Each targets a slightly different pathway; choice depends on your inflammation profile, prior therapies and comorbid asthma or aspirin-exacerbated respiratory disease.

---

How to decide which biologic is right for you

1. Confirm diagnosis
   • Endoscopic or CT confirmation of bilateral polyps.
   • Objective measures of symptom burden (nasal obstruction, loss of smell).

2. Review inflammatory markers
   • Blood eosinophils, total IgE, exhaled nitric oxide.
   • Comorbid conditions (asthma, atopic dermatitis).

3. Weigh practical factors
   • Dosing frequency (monthly vs. every 8 weeks).
   • Method of administration (injection vs. infusion).
   • Insurance coverage and co-pay assistance programs.

4. Monitor response
   • Polyp size (endoscopy) and nasal symptom scores.
   • Sense of smell tests.
   • Side-effect profile.

---

Safety considerations

• Most biologics are well tolerated, but rare serious hypersensitivity reactions can occur.
• Live vaccines should be avoided during treatment.
• Discuss any history of parasitic infections or immunodeficiency with your doctor.

---

Cost and access

Biologics can be expensive (range $30,000–$60,000 per year).

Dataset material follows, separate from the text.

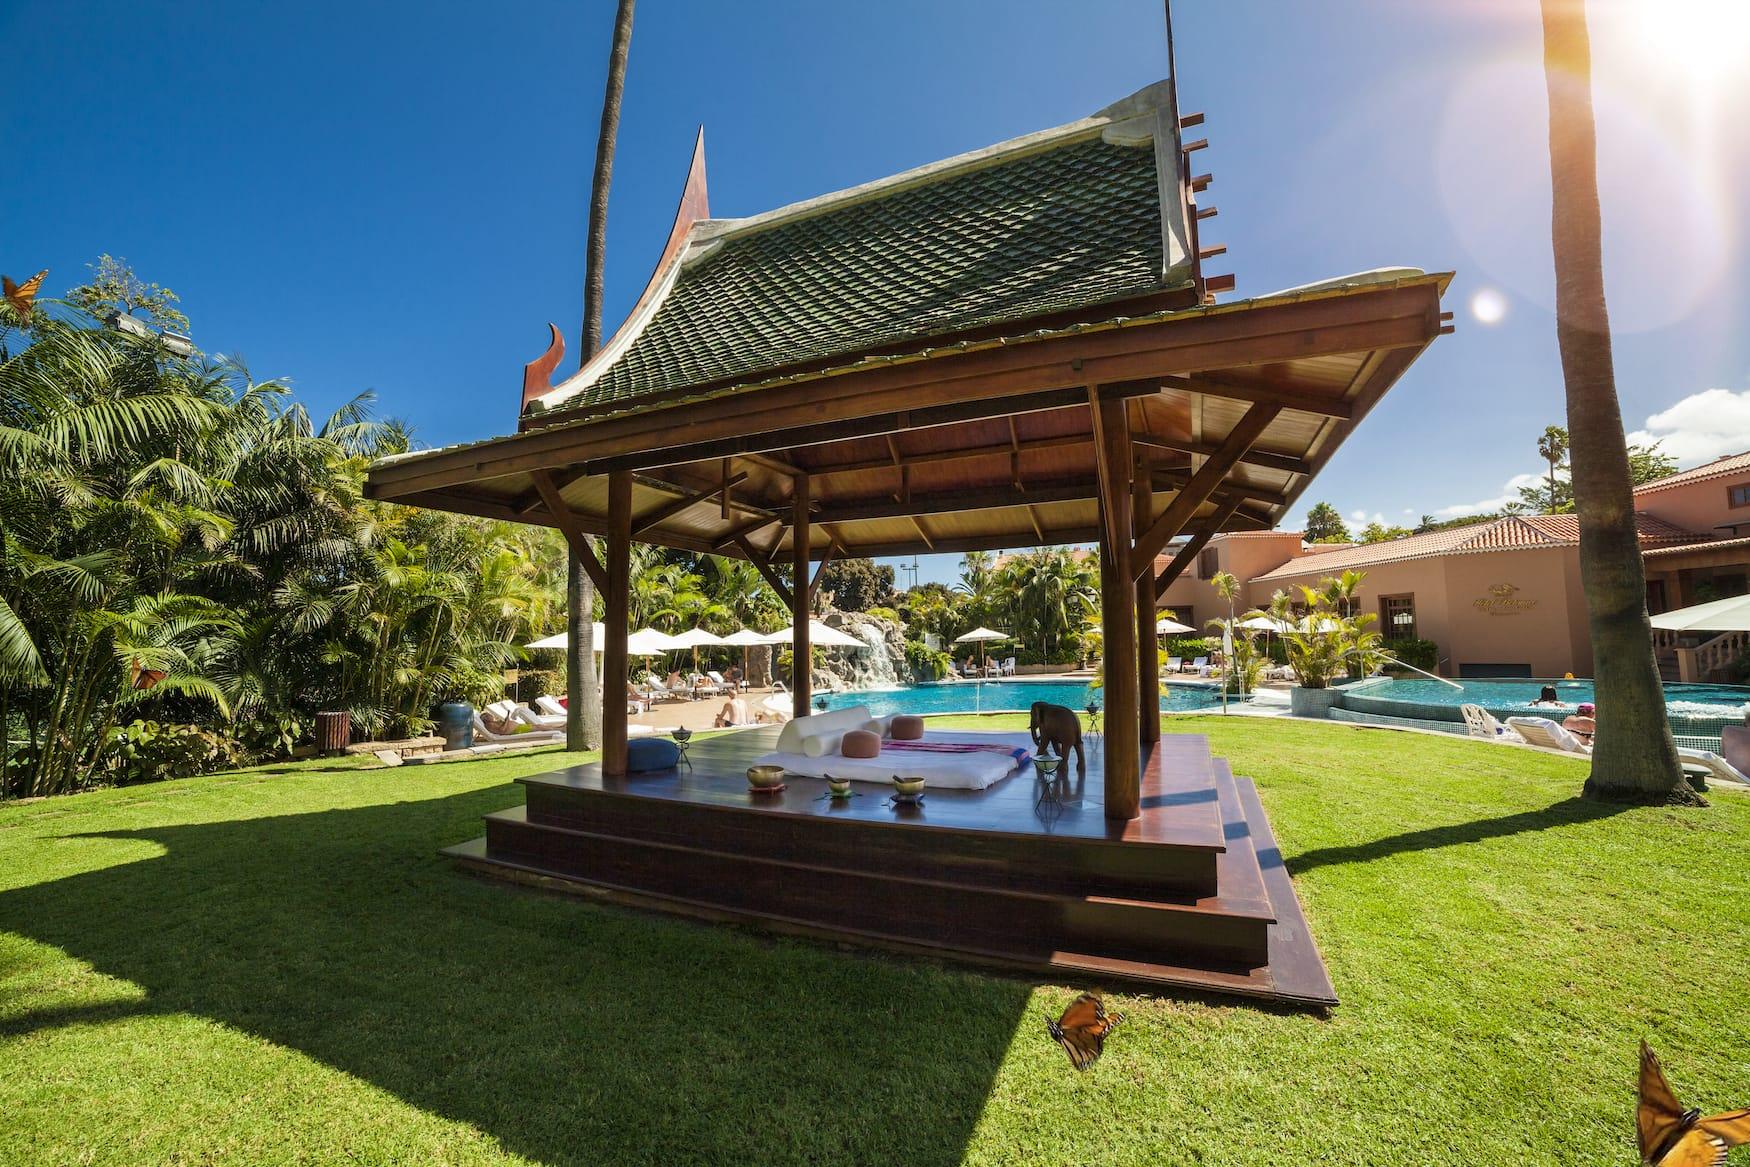 Outdoor Pavillon für Yoga und Meditation in einem Luxushotel auf Teneriffa
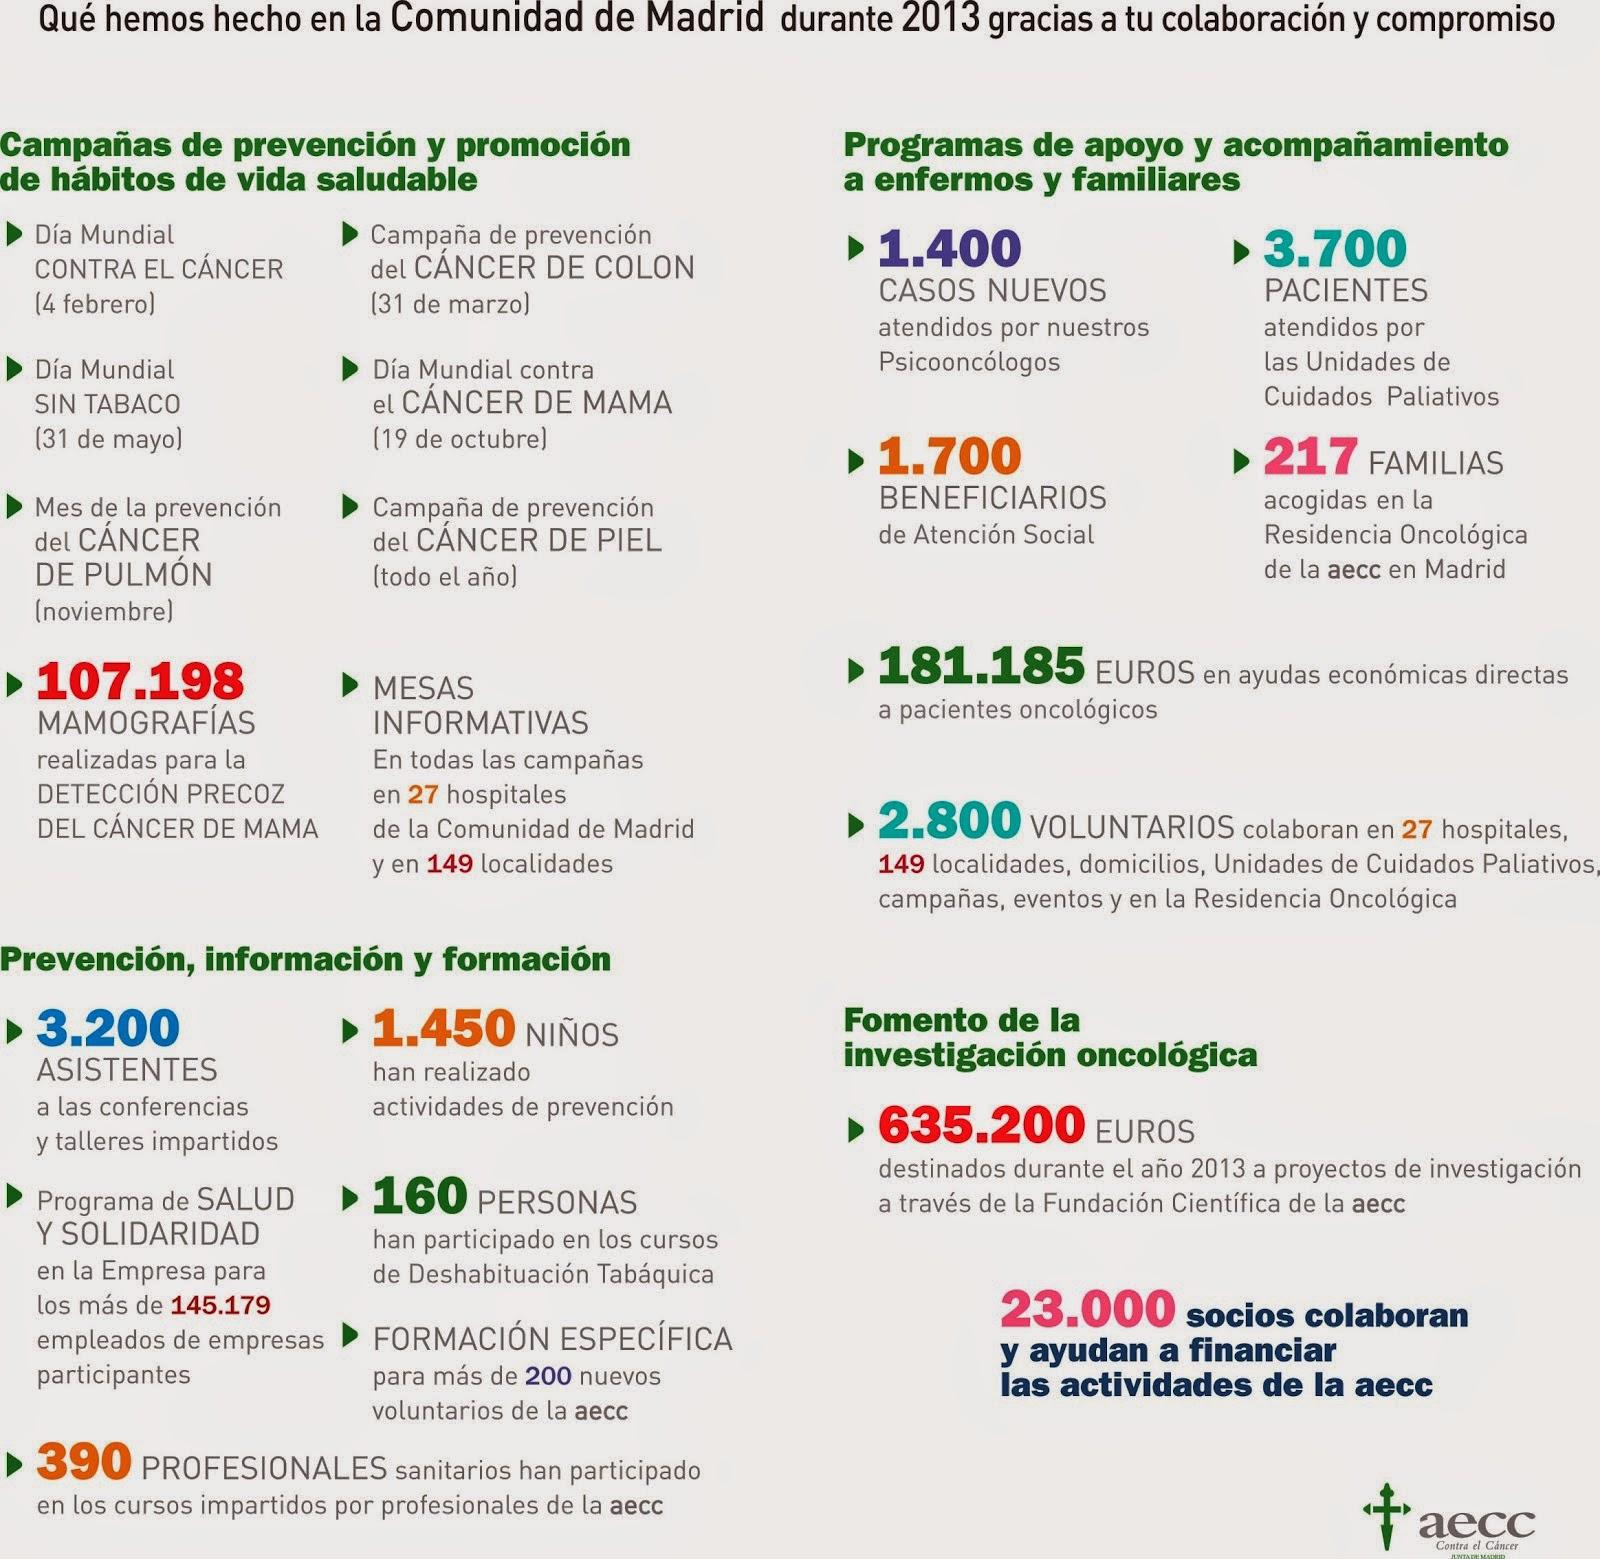 Qué hemos hecho en la Comunidad Madrid 2013

However, manufacturer co-pay assistance programs often reduce out-of-pocket costs. Work with your healthcare team, including nurses and specialty pharmacists, to navigate prior authorizations.

---

Managing expectations

While many patients experience dramatic improvement, responses vary:

• Some achieve complete polyp resolution and restored smell.
• Others see partial shrinkage and need occasional steroid bursts or sinus surgery.
• Long-term data (beyond 2 years) are still emerging for the newest agents.

---

When to seek medical advice

If you experience any of the following, contact your physician immediately:

• Sudden onset of high fever, severe facial pain or vision changes
• Signs of meningitis (stiff neck, confusion)
• Severe allergic reaction (hives, wheezing, throat tightness)

For persistent or worsening nasal symptoms, our free Medically approved LLM Symptom Checker Chat Bot can help you understand your symptoms and determine whether you need immediate medical attention.

---

Key takeaways

• In 2026, the FDA approved two new biologics—tezepelumab and lirentalizumab—for severe CRSwNP.
• These drugs work by targeting upstream immune drivers (TSLP, Siglec-8), reducing polyp size and symptoms.
• Existing biologics (dupilumab, mepolizumab, benralizumab, omalizumab) remain valuable options.
• Treatment choice hinges on your specific inflammatory profile, comorbidities, dosing preferences and insurance coverage.
• Always discuss serious or life-threatening symptoms with your doctor—and before starting any new therapy, make sure you understand potential risks and benefits.

Speak to a doctor about any concerning symptoms or before making changes to your treatment plan. If you suspect a serious complication, don't delay in seeking emergency care.